== INFORMATION PROVIDED

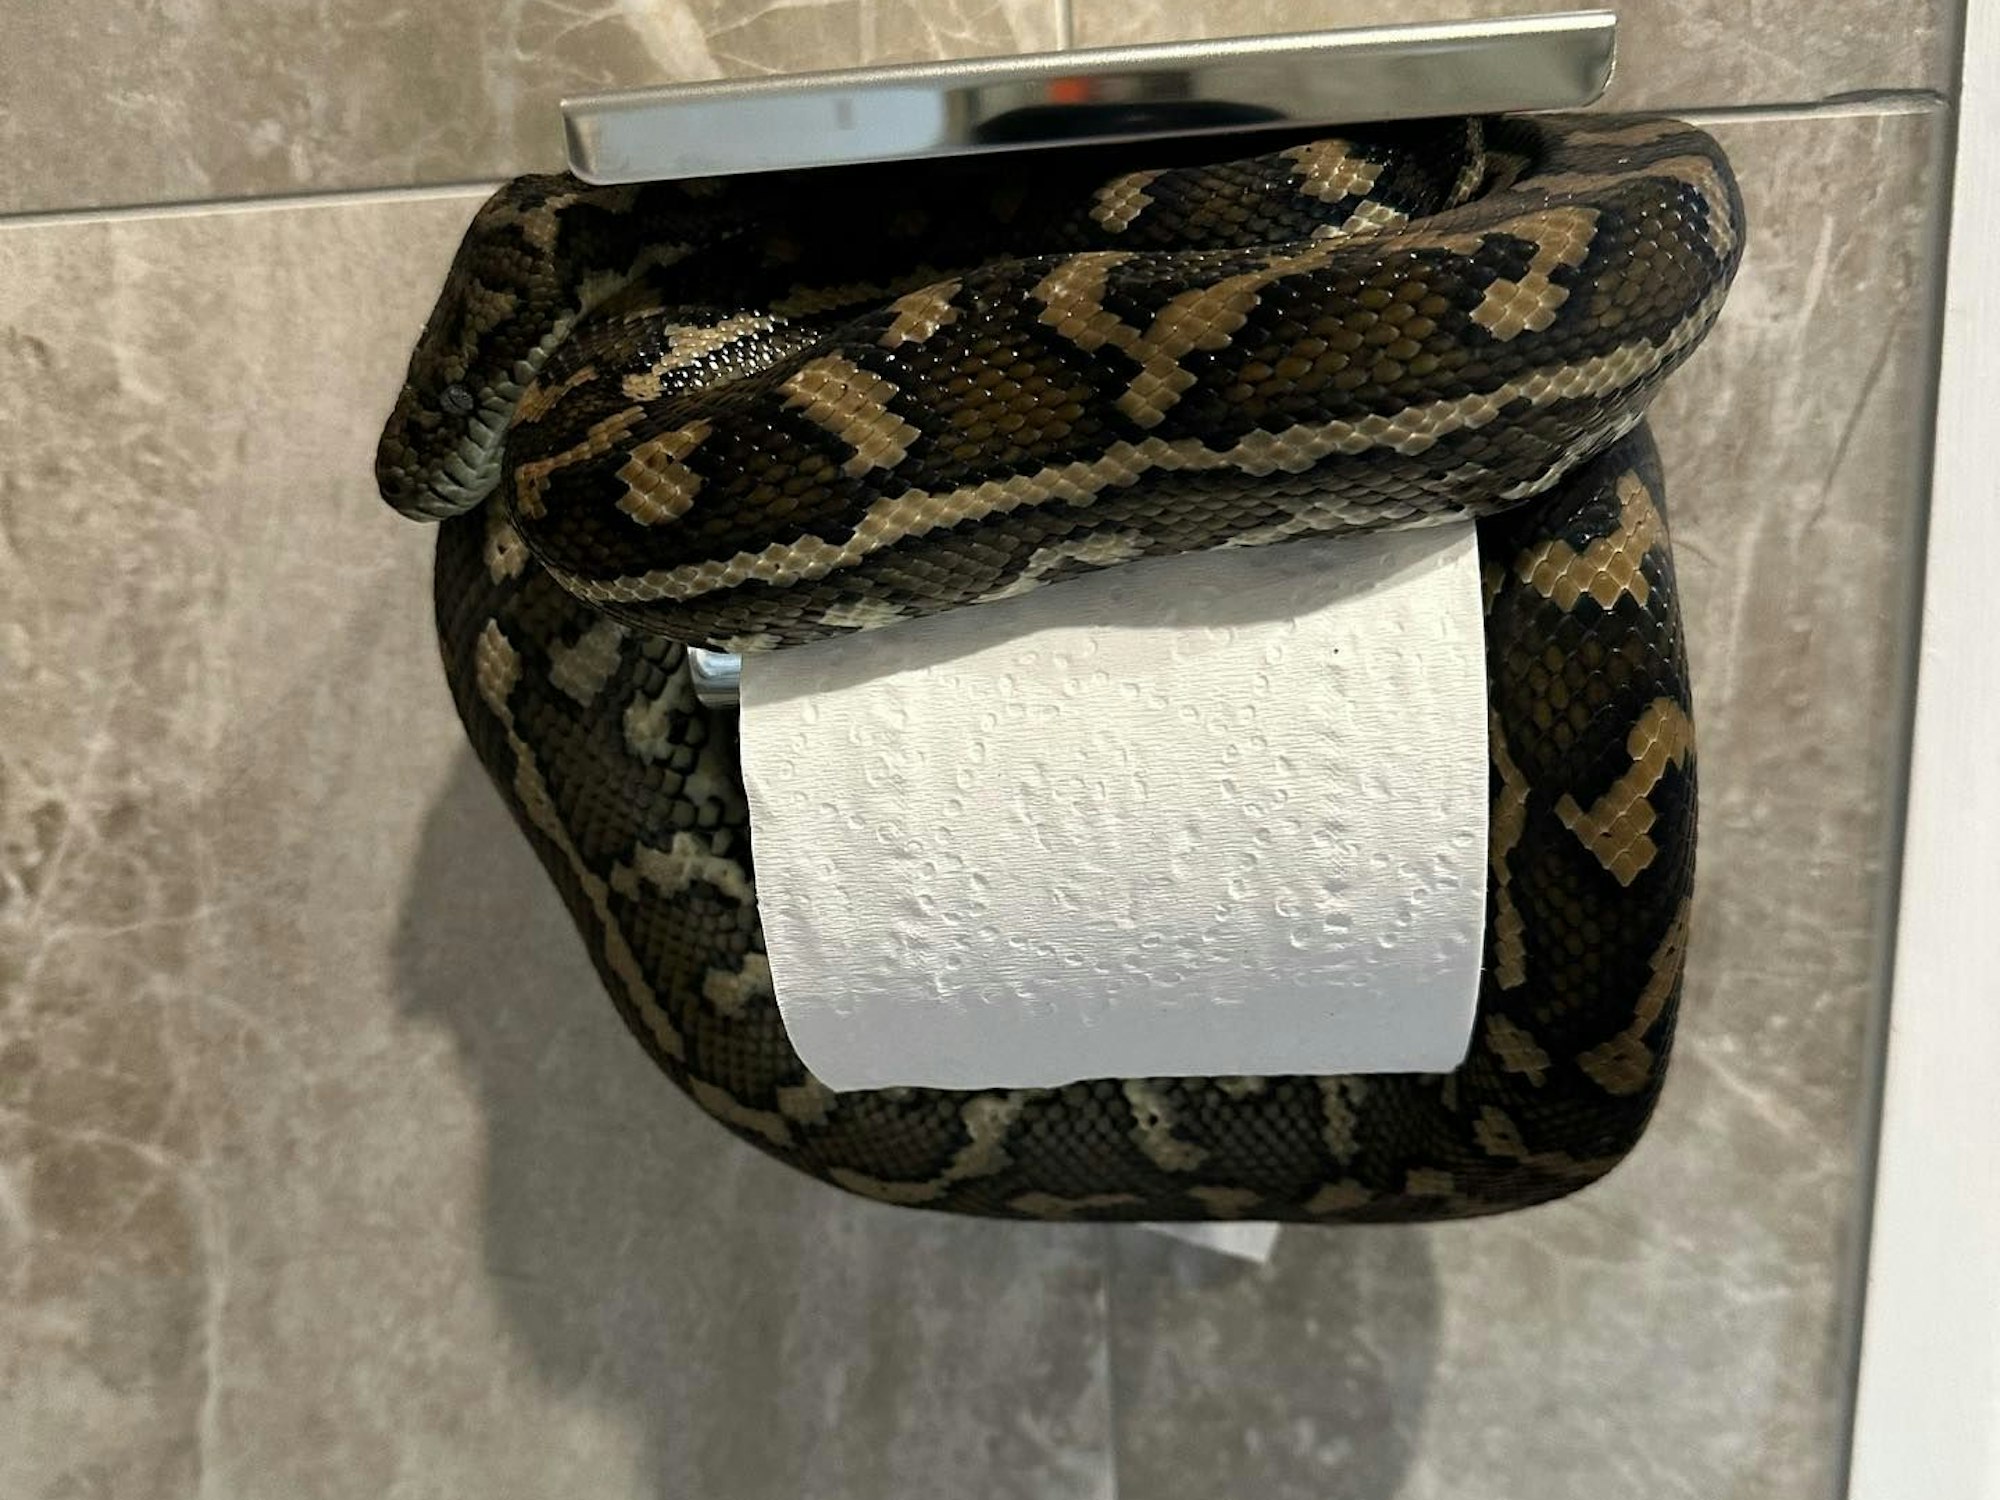 Eine Python hat in Australien im Bad einen Ort zum Entspannen gefunden – und schockte die Hausbesitzerin.
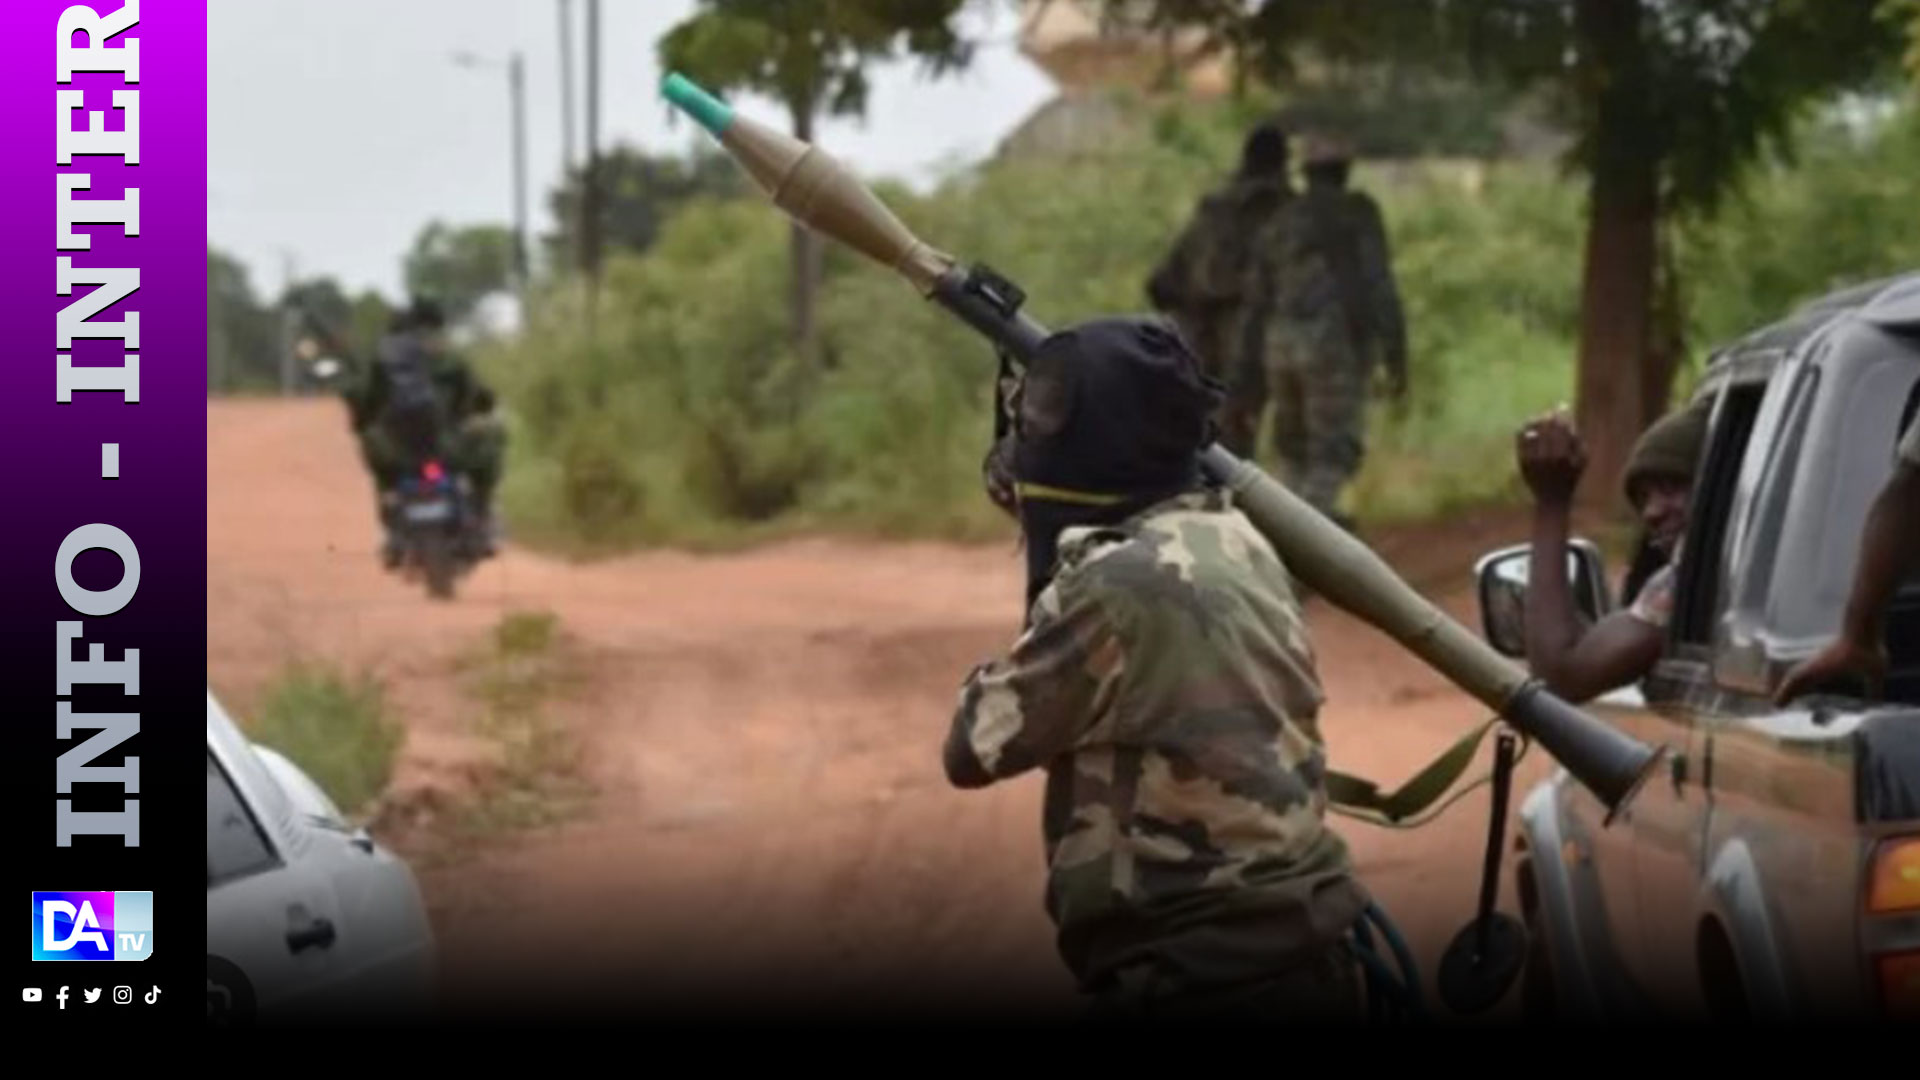 Côte d'Ivoire: de 2019 à 2021, enrichissement de jihadistes grâce au trafic, selon un rapport
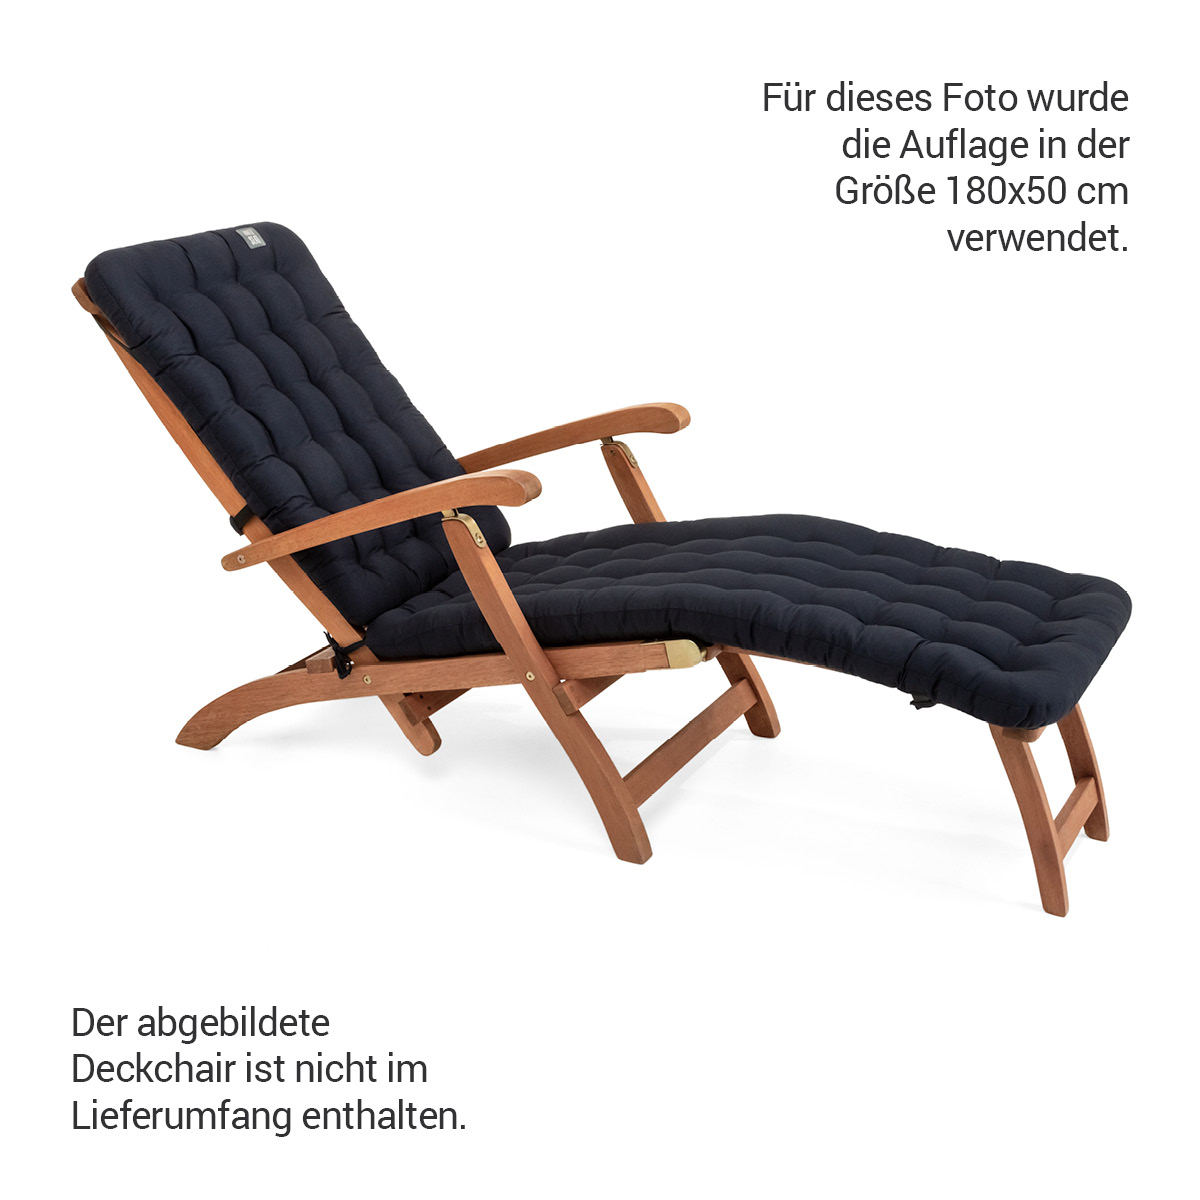 Premium HAVE A SEAT Living Auflage in Marine-Blau für Deckchair mit Luxus-Polsterung 8 cm Dick | bequem, orthopädisch, passend für Relaxstühle

====

● WORK INSTRUCTION: Drop the pictures; repeat the listing above exactly.

● RESPONSE AREA:
 Eine Python hat in Australien im Bad einen Ort zum Entspannen gefunden – und schockte die Hausbesitzerin.
 Côte d'Ivoire: de 2019 à 2021, enrichissement de jihadistes grâce au trafic, selon un rapport
 Premium HAVE A SEAT Living Auflage in Marine-Blau für Deckchair mit Luxus-Polsterung 8 cm Dick | bequem, orthopädisch, passend für Relaxstühle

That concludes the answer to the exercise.